Generalist estimators#

It is possible to create a generalist FluxPointsEstimator that could return a general FluxPointsCollection without knowing a priori what type of grouping is applied to the datasets. This would allow to perform lightcurve or region-based flux estimates with the same API. This would allow a direct generalization of the FluxPointsEstimator to cover other problematic e.g. flux estimation in phase to build phase curves, flux estimation in different observation condition or instrument states to study systematic effects.

The main change required for this is to move dataset grouping to the Datasets level.

Outlook#

Selection by time is already possible on Datasets thanks to the select_time(t_min, t_max) method. This functionality could be extended to other quantities characterizing the datasets.

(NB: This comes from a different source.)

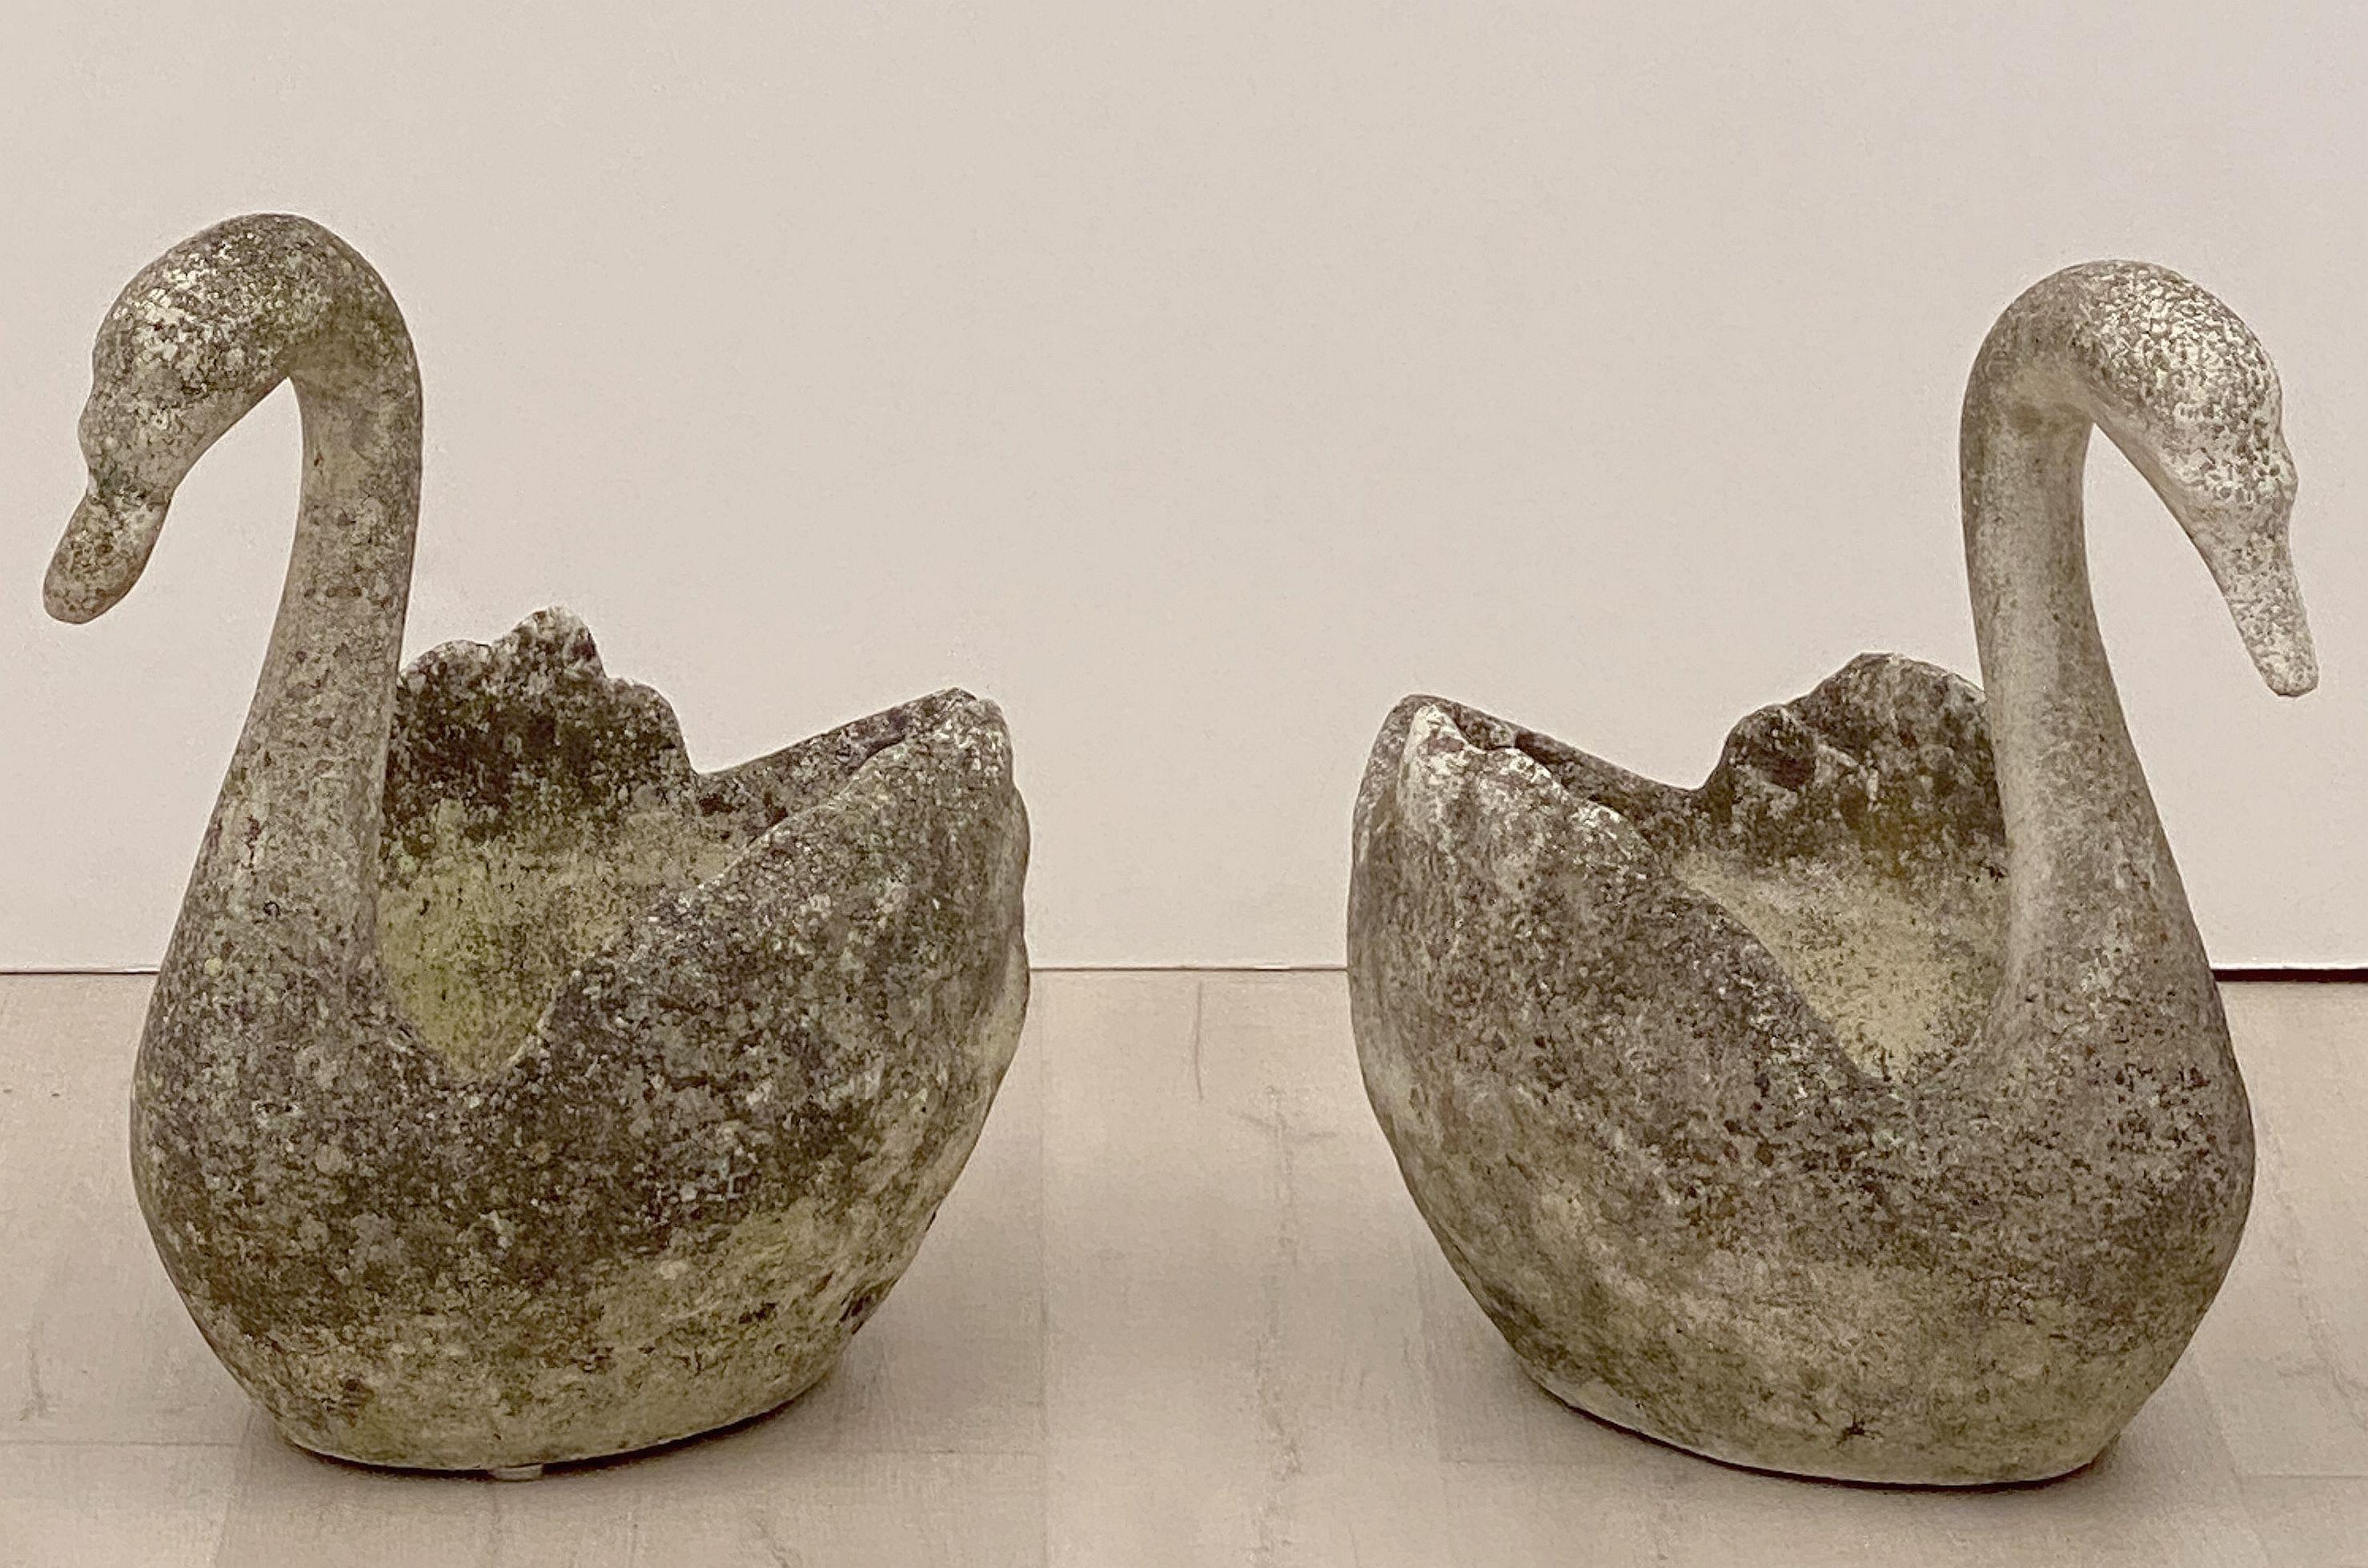 A fine pair of large English garden planters in the shape of swans, each featuring an elegant silhouette design of cast stone.

Two available - Individually Priced - $3495 each swan planter

So in future we could add more general grouping functionality on the Datasets. It could internally rely on the grouping of the meta table: Datasets.meta_table.group_by. It would require the table to be present in memory and be recomputed each time the Datasets object is updated. Then retrieving a set of datasets could be done by Datasets.get_group_by_idx().

# group datasets according to phase
phase_axis = MapAxis.from_bounds(0., 1., 10, name="phase", unit="")
datasets.group_by_axis(phase_axis)
datasets_in_phase_bin_3 = datasets.get_group_by_idx(3)

Alternative#

Decision#

The authors have decided to withdraw the PIG. Most of the proposed changes have been implemented independently with review and discussions on individuals PRs.